Defect chemistry and charge transport in LaSr3Fe3−xMoxO10−δ

Abstract

Molybdenum containing solid solution LaSr3Fe3−xMoxO10−δ with triple-layer Ruddlesden-Popper structure is considered a promising mixed conducting material for high-temperature electrochemical applications. Oxygen content and electrical conductivity in the compositions with x=0.1 and 0.2 were measured in the range of oxygen partial pressure from 10−20 to 0.5 atm at temperatures 750-950°C. Experimental data were employed for the simulation of defect equilibrium and charge transfer in oxides. The defect distribution over two B-sublattices and four anion sublattices was determined depending on oxygen partial pressure and temperature.
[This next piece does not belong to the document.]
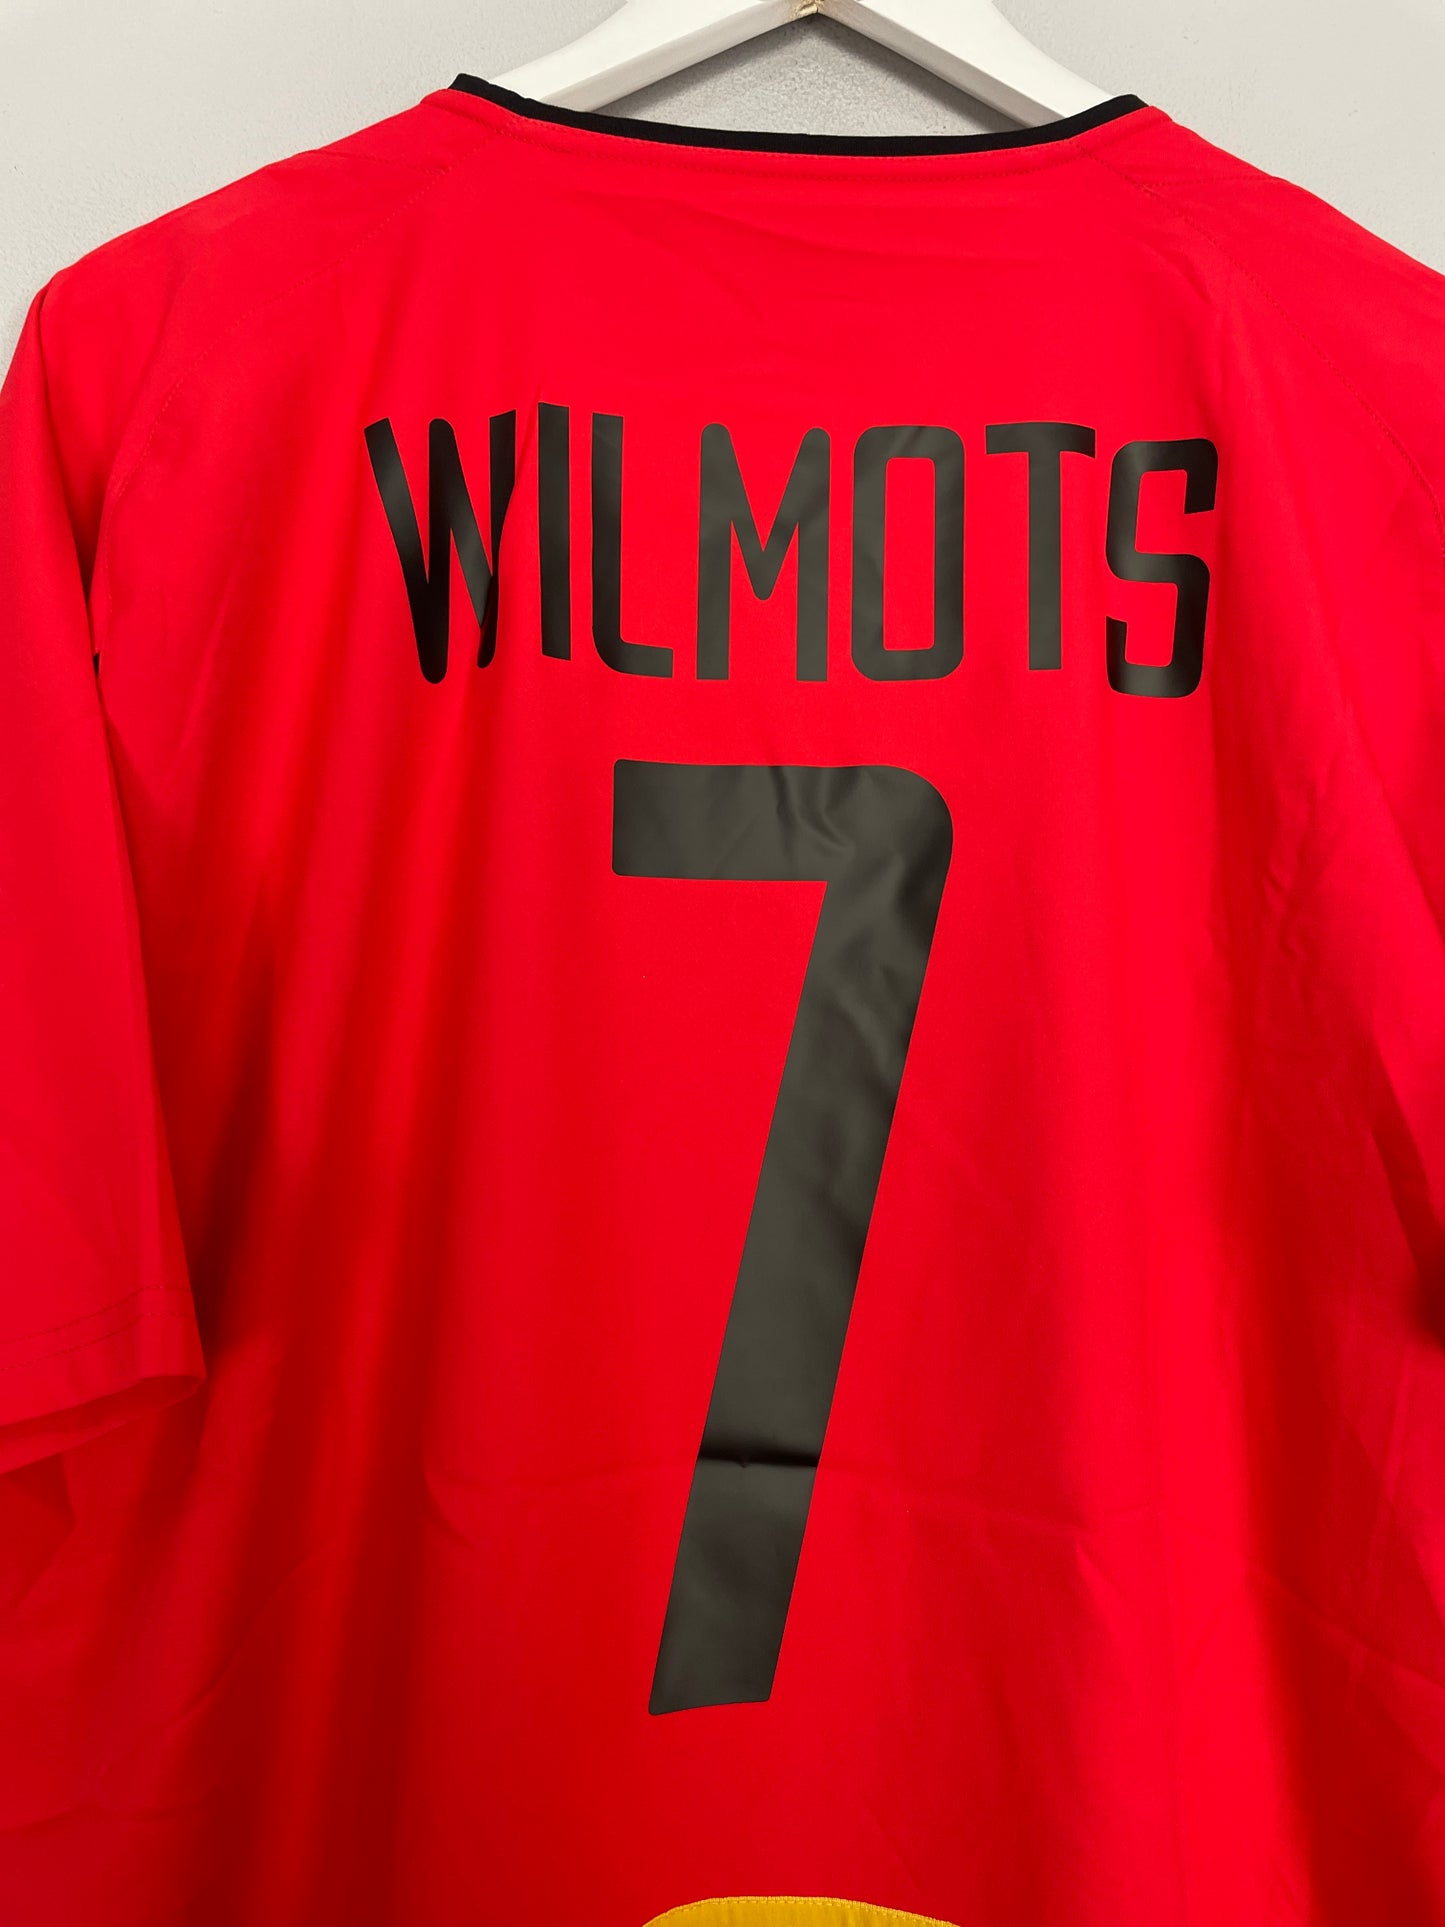 2002/04 BELGIUM WILMOTS #7 *PLAYER ISSUE* HOME SHIRT (L) NIKE
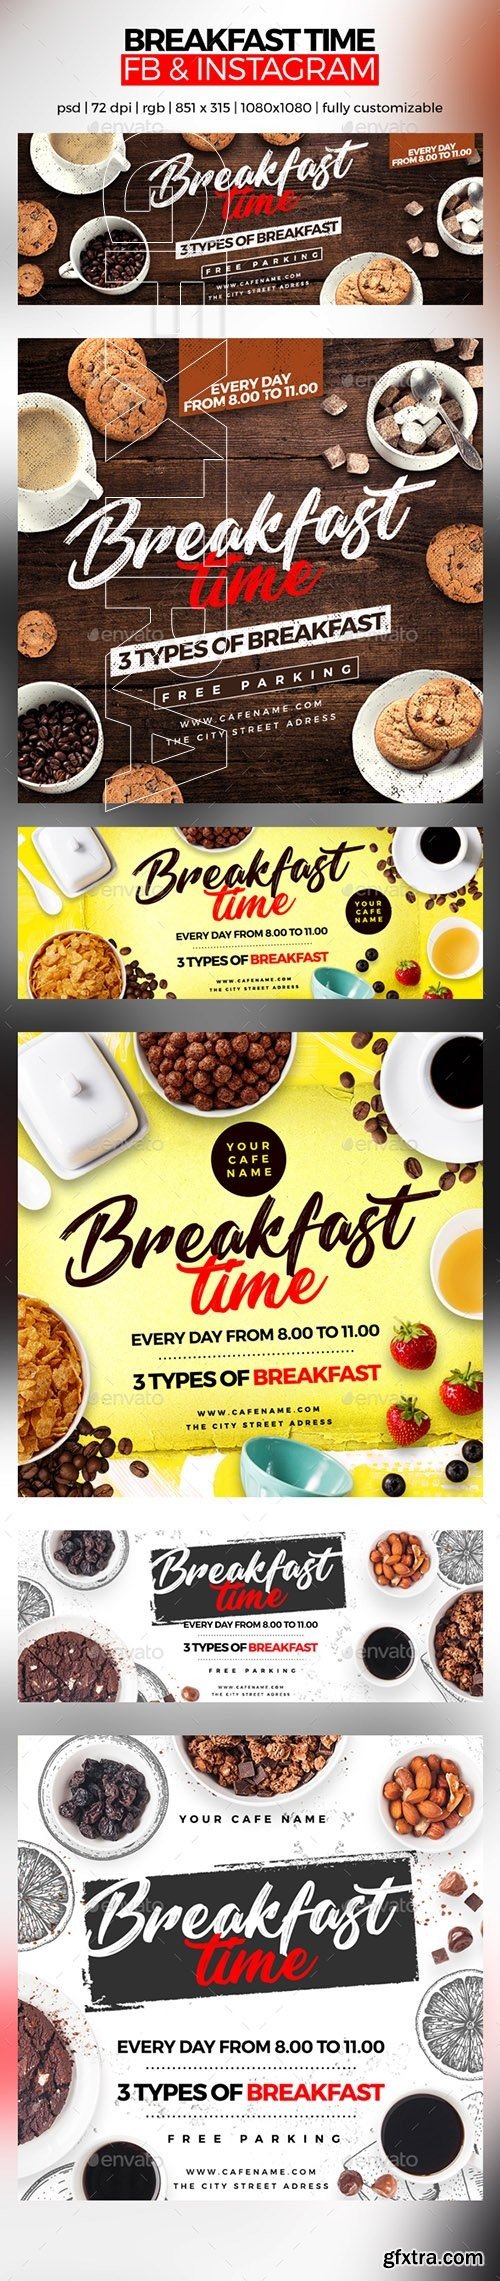 GraphicRiver - Breakfast Time Facebook Cover and Instagram 22672687

The main transport pathways of electrons, holes, and oxygen ions were found to be spatially separated in these oxides between B1, B2, and O4 sublattices, respectively. An increase in the molybdenum content was found to result in higher electron and oxygen ion conductivity. The enhancement of electron conductivity is explained by partial molybdenum reduction and involvement of Mo5+ ions in electron transport. As for ion conductivity, its improvement is suggested to be attributed to oxygen mobility increase due to a decrease in a fraction of tetrahedrally coordinated iron ions in the B1 sublattice and respective vacancy disordering in the O4 sublattice.